Speedway Motorsports kept its plans heavily under wraps throughout a process that took months because it wanted to make a splash with last Tuesday’s stunning announcement – but the sneak attack immediately backfired.

Within an hour, the plot already had been lost about emphasizing a new fan-friendly Atlanta (“the racing will be closer than ever!”), and the narrative only deteriorated from there – reaching an apex when Kyle Busch blasted the plan Saturday after winning the Xfinity race.

It was another reminder that while NASCAR and its track owners might hold the purse strings, the stars always hold the conch as the loudest and most influential voices in the room.

Whether they’re on board with a project or not, they are the primary ambassadors of the NASCAR brand. Just as they can choose how difficult they want to make each others’ lives on track by racing harder, they also can determine whether an idea succeeds or fails.

Atlanta Motor Speedway workers repair a pothole during Sunday’s race (Marvin Gentry/USA TODAY Sports).

If you want to bring Daytona- or Talladega-style racing — the most dangerous type of racing in NASCAR — to Atlanta, that absolutely has to be vetted with drivers. Even if they won’t endorse it after currying their favor, they might be less inclined to torpedo it – and they might offer a few helpful suggestions in the process.

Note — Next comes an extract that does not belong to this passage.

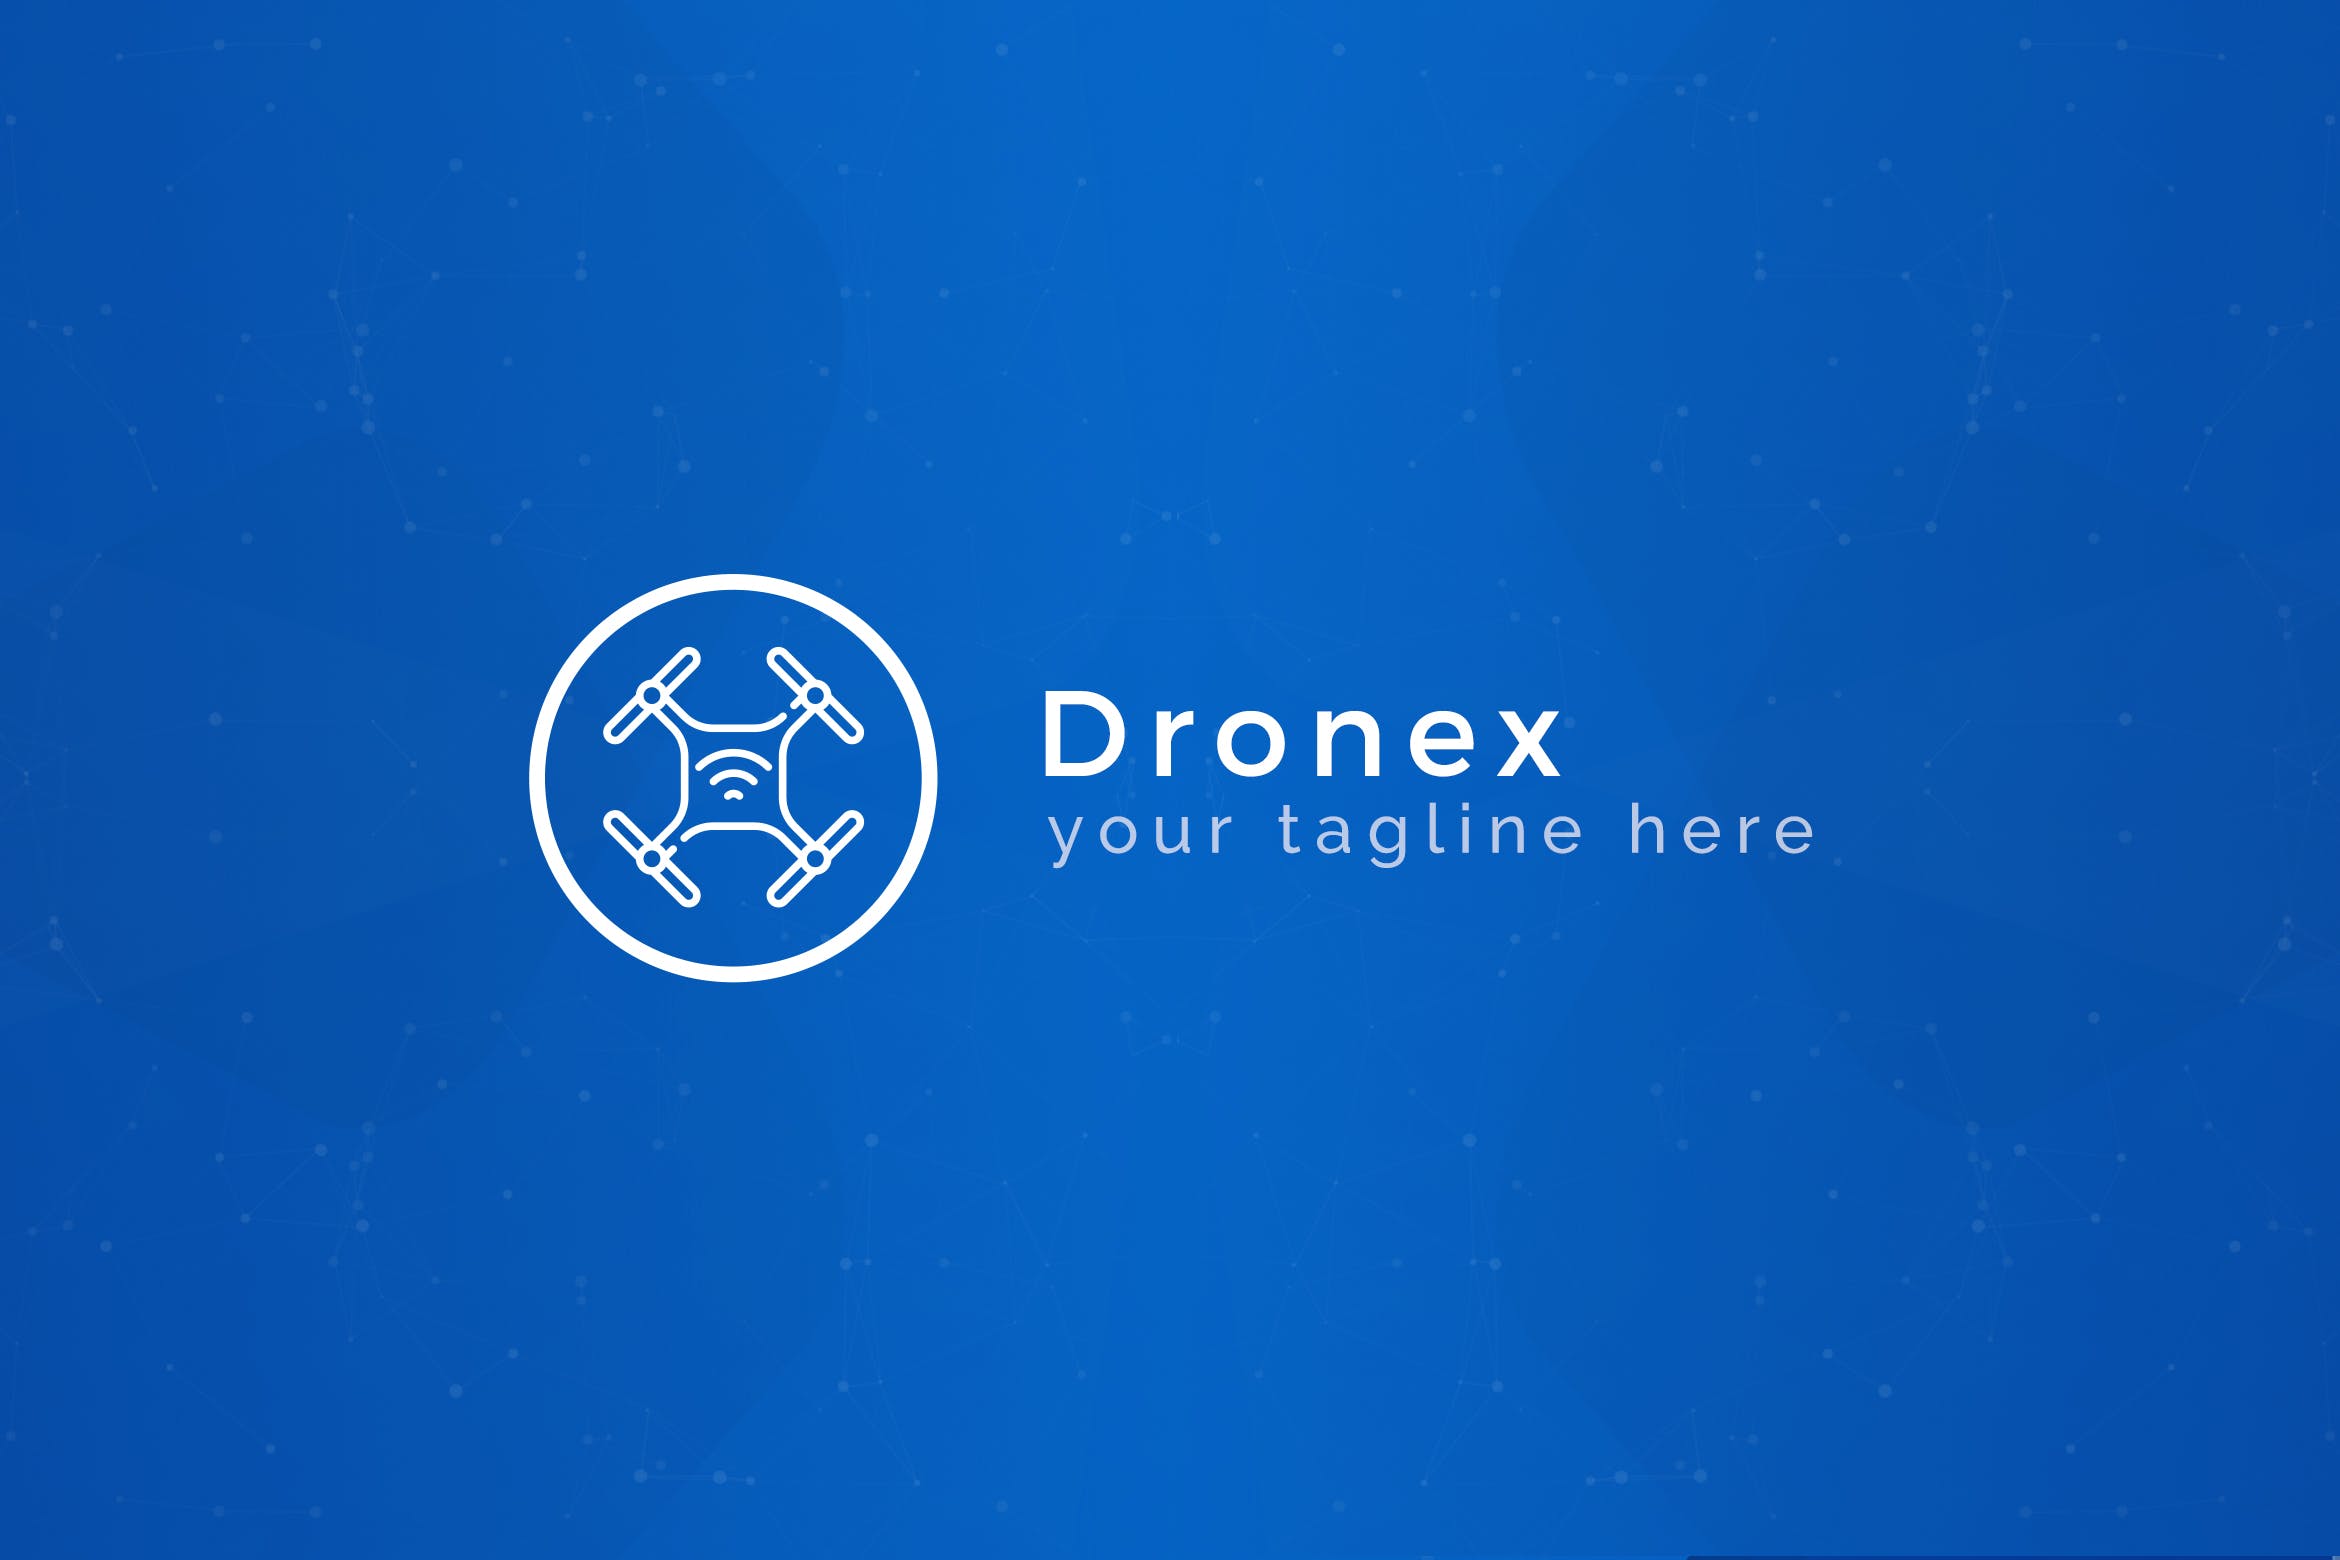 无人机品牌Logo设计非凡图库精选模板 Dronex – Premium Drone Logo Template插图
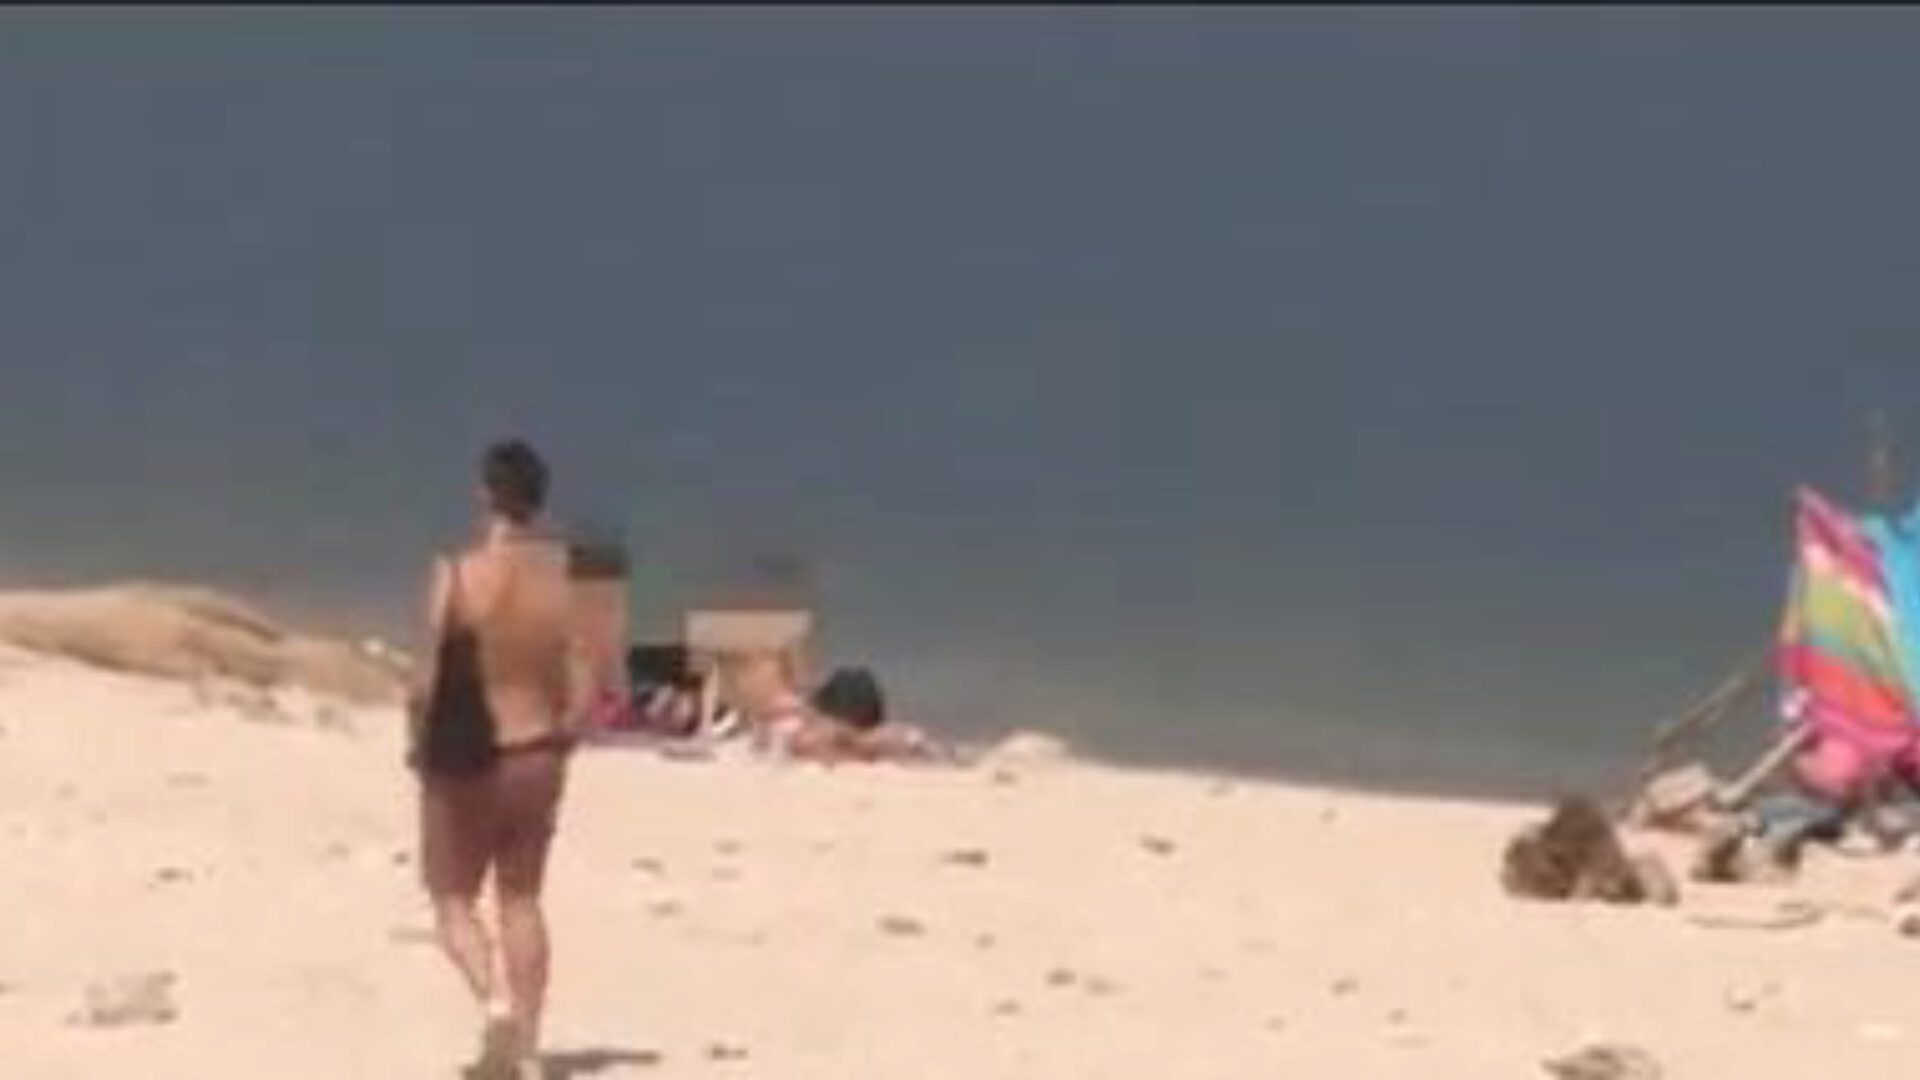 незнакомец падает на большой шомпол джотэда на нудистском пляже джотад доказывает нам, как этот парень может подобрать любого ангела, и он делает это, просто выйдя раздетым в лес

“Tell us the agenda,” Hamlin said. “Do you want speedway racing here? OK. We don’t like it, but here’s what you need to do to get there. We’ll help you accomplish that. Just tell us the goal. Don’t mix the message by saying, “You’re going to see something you’ve never seen!” and show a clip of iRacing cars racing in a pack, but yet you want your surface to match the old. That’s counterintuitive. You can’t make (a track) narrower and have a superspeedway race. Those two things don’t match up.

“I think we could help. We’re the biggest asset that NASCAR, these tracks could have if they just tell us their goals. We may not agree with the goal, but we can help them get to where they want to go.”

There are too many examples to recount, and the Car of Tomorrow might be the most obvious.

Already doomed to be a public relations failure, its demise was hastened when the new model increasingly was ripped to shreds by drivers over two years of testing before its official debut. The inexplicable fining of Hamlin for innocuous criticism of the Gen 6 successor was another instance, and that at least began to spur more “collaboration” as drivers at least have been looped into the explosion of team owner, manufacturer and stakeholder meetings in recent years.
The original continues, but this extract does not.